Brief = From the records below, print exactly the lines starting at the one containing "PBX-004-G VA Veterans" and ending at the one containing "TV Y CC Logo", ends included, and nothing else.
Segment Open
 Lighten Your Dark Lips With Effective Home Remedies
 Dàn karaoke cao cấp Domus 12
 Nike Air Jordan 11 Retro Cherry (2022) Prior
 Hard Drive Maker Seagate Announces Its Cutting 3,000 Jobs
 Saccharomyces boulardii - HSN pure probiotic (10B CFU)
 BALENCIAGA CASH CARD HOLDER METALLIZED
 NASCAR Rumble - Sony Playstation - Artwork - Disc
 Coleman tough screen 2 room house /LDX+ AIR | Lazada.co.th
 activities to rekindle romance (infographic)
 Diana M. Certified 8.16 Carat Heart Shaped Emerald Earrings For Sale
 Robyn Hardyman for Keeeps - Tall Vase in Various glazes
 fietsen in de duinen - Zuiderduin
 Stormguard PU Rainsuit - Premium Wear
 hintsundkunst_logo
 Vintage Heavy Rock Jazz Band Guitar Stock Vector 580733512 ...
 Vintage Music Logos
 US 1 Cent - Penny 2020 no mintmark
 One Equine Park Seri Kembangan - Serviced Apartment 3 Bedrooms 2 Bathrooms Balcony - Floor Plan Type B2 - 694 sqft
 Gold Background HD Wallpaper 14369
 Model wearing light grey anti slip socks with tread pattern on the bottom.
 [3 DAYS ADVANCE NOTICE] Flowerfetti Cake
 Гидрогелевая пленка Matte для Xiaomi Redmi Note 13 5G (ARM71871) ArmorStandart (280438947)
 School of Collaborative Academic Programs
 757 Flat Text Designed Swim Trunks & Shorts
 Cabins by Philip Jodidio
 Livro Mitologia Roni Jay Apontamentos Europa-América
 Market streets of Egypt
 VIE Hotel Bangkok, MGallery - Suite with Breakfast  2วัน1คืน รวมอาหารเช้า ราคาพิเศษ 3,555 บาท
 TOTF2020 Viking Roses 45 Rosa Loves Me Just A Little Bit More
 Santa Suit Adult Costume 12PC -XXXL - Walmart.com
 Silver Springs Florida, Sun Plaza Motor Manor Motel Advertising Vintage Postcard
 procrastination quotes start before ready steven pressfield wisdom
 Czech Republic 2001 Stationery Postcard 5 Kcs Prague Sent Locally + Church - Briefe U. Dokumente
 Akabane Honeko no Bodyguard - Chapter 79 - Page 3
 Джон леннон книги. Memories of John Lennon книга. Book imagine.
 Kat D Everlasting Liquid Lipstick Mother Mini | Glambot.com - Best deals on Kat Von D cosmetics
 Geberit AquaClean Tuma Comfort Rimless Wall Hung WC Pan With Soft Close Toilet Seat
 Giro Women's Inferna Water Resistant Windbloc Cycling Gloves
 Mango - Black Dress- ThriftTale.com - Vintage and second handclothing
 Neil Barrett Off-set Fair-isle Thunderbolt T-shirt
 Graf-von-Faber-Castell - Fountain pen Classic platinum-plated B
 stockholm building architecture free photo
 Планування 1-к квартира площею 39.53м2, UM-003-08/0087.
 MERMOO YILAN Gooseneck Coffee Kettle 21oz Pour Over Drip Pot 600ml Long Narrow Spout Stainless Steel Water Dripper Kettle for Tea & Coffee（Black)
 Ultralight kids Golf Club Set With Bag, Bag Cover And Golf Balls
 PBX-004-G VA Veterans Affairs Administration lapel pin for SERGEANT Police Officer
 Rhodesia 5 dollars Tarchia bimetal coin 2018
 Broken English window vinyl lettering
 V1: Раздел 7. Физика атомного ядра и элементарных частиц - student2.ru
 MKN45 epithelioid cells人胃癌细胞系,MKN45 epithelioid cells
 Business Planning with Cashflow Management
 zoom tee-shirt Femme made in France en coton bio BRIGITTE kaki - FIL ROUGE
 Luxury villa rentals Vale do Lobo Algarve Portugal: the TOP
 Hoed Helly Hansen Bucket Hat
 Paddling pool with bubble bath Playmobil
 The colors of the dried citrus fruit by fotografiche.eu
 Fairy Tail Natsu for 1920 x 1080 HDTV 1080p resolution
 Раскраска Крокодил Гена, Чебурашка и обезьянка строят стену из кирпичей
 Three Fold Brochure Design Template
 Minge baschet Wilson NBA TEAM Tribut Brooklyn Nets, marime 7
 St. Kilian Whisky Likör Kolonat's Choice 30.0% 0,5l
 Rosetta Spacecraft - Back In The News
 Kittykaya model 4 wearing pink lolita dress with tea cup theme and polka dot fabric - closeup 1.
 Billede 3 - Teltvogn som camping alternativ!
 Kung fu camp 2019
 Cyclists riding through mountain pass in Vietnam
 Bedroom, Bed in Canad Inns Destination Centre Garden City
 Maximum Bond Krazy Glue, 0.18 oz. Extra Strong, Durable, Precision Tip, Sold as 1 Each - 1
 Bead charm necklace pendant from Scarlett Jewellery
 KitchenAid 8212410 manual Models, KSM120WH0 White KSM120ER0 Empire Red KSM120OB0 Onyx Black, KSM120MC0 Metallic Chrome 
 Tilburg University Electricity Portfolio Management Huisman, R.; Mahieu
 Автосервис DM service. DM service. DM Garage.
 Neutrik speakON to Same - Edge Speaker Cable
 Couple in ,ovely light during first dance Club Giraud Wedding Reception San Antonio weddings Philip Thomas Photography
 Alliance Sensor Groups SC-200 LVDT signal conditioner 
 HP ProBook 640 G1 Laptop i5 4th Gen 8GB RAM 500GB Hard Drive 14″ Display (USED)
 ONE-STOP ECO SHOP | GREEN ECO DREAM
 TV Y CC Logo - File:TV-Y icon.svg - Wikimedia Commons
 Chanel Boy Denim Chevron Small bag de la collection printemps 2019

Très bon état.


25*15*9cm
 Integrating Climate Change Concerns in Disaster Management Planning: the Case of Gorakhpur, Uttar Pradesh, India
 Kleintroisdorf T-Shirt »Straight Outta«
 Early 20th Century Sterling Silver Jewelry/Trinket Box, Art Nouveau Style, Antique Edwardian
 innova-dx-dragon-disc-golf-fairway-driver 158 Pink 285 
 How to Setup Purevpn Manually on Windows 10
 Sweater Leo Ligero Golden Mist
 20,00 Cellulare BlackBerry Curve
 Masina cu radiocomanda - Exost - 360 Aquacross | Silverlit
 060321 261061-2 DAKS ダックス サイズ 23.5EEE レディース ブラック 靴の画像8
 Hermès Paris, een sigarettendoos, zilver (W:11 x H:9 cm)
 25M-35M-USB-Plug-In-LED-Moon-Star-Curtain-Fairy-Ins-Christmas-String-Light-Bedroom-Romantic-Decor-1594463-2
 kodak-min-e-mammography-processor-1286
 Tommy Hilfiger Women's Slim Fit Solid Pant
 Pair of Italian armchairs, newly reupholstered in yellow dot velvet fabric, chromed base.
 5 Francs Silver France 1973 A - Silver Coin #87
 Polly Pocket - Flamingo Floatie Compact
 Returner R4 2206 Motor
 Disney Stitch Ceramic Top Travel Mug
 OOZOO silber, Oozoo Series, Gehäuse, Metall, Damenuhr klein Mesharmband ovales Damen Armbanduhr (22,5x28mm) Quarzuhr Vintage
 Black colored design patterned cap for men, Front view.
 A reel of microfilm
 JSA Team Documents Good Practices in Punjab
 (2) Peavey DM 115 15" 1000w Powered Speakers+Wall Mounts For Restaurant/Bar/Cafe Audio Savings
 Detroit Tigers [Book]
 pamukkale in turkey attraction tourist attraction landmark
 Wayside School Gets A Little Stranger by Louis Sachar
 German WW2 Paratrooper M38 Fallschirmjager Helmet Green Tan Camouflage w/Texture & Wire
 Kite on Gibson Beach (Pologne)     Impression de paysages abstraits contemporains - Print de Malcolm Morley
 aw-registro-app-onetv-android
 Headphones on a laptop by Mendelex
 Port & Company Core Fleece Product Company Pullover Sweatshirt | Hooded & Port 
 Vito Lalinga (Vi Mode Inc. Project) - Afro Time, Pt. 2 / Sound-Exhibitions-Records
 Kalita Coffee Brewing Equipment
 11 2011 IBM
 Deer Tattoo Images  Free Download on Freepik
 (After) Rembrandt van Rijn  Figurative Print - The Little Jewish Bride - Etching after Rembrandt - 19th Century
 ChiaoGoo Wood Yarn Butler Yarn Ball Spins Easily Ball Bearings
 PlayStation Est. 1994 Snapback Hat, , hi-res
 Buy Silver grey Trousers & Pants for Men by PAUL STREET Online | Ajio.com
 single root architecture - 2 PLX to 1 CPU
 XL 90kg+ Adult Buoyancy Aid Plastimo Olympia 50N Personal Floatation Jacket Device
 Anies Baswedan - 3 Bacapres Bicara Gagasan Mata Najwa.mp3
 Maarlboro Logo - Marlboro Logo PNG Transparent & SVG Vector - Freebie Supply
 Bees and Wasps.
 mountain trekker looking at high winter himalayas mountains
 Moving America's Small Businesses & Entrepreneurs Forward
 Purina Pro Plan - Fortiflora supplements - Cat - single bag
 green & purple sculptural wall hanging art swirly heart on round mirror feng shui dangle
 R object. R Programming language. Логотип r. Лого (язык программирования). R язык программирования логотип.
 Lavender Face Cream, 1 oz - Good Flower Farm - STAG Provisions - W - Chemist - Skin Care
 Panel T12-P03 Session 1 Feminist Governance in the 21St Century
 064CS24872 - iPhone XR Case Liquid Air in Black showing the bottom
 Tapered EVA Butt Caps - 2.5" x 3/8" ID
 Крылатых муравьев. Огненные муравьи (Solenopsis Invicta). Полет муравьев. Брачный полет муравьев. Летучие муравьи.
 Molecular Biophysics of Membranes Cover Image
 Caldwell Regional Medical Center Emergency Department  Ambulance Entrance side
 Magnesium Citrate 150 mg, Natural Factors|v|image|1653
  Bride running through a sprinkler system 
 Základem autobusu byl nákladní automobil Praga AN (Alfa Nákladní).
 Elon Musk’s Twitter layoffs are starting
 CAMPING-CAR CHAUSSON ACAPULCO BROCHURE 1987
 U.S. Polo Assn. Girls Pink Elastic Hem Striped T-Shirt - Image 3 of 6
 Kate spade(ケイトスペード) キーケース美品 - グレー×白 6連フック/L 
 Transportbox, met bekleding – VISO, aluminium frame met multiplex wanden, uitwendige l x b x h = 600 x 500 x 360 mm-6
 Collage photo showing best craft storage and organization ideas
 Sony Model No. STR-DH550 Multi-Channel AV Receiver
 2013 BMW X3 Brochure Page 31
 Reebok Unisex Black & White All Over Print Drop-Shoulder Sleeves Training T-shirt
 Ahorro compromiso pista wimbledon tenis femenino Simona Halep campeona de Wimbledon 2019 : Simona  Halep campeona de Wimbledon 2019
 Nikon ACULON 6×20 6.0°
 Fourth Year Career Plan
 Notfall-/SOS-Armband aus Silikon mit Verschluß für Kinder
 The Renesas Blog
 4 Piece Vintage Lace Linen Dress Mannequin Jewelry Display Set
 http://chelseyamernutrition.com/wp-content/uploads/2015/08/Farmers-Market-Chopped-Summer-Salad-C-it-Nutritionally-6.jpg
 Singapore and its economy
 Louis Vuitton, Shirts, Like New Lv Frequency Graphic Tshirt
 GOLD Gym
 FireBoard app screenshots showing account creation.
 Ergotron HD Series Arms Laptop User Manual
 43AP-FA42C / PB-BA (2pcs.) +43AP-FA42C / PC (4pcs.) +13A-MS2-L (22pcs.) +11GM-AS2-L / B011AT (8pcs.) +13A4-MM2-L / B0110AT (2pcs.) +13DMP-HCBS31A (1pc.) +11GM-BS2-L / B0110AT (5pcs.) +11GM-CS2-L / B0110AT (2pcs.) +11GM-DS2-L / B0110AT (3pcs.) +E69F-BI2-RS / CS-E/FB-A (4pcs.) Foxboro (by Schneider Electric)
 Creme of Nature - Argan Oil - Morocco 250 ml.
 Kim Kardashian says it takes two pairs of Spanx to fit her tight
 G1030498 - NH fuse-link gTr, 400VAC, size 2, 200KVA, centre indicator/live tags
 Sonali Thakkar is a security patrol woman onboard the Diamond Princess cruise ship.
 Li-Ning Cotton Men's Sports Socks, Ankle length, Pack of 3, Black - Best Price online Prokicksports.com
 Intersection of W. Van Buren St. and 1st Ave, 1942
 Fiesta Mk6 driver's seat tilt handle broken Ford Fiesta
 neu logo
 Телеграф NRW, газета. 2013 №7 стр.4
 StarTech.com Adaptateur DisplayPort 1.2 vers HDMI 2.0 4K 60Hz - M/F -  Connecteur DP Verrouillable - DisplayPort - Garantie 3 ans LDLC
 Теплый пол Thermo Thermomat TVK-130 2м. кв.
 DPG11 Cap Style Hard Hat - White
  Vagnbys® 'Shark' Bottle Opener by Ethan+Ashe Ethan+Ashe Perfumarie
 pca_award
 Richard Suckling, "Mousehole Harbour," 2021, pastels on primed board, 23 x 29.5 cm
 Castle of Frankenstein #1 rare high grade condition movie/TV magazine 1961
Segment Closed
Task solution =
 PBX-004-G VA Veterans Affairs Administration lapel pin for SERGEANT Police Officer
 Rhodesia 5 dollars Tarchia bimetal coin 2018
 Broken English window vinyl lettering
 V1: Раздел 7. Физика атомного ядра и элементарных частиц - student2.ru
 MKN45 epithelioid cells人胃癌细胞系,MKN45 epithelioid cells
 Business Planning with Cashflow Management
 zoom tee-shirt Femme made in France en coton bio BRIGITTE kaki - FIL ROUGE
 Luxury villa rentals Vale do Lobo Algarve Portugal: the TOP
 Hoed Helly Hansen Bucket Hat
 Paddling pool with bubble bath Playmobil
 The colors of the dried citrus fruit by fotografiche.eu
 Fairy Tail Natsu for 1920 x 1080 HDTV 1080p resolution
 Раскраска Крокодил Гена, Чебурашка и обезьянка строят стену из кирпичей
 Three Fold Brochure Design Template
 Minge baschet Wilson NBA TEAM Tribut Brooklyn Nets, marime 7
 St. Kilian Whisky Likör Kolonat's Choice 30.0% 0,5l
 Rosetta Spacecraft - Back In The News
 Kittykaya model 4 wearing pink lolita dress with tea cup theme and polka dot fabric - closeup 1.
 Billede 3 - Teltvogn som camping alternativ!
 Kung fu camp 2019
 Cyclists riding through mountain pass in Vietnam
 Bedroom, Bed in Canad Inns Destination Centre Garden City
 Maximum Bond Krazy Glue, 0.18 oz. Extra Strong, Durable, Precision Tip, Sold as 1 Each - 1
 Bead charm necklace pendant from Scarlett Jewellery
 KitchenAid 8212410 manual Models, KSM120WH0 White KSM120ER0 Empire Red KSM120OB0 Onyx Black, KSM120MC0 Metallic Chrome 
 Tilburg University Electricity Portfolio Management Huisman, R.; Mahieu
 Автосервис DM service. DM service. DM Garage.
 Neutrik speakON to Same - Edge Speaker Cable
 Couple in ,ovely light during first dance Club Giraud Wedding Reception San Antonio weddings Philip Thomas Photography
 Alliance Sensor Groups SC-200 LVDT signal conditioner 
 HP ProBook 640 G1 Laptop i5 4th Gen 8GB RAM 500GB Hard Drive 14″ Display (USED)
 ONE-STOP ECO SHOP | GREEN ECO DREAM
 TV Y CC Logo - File:TV-Y icon.svg - Wikimedia Commons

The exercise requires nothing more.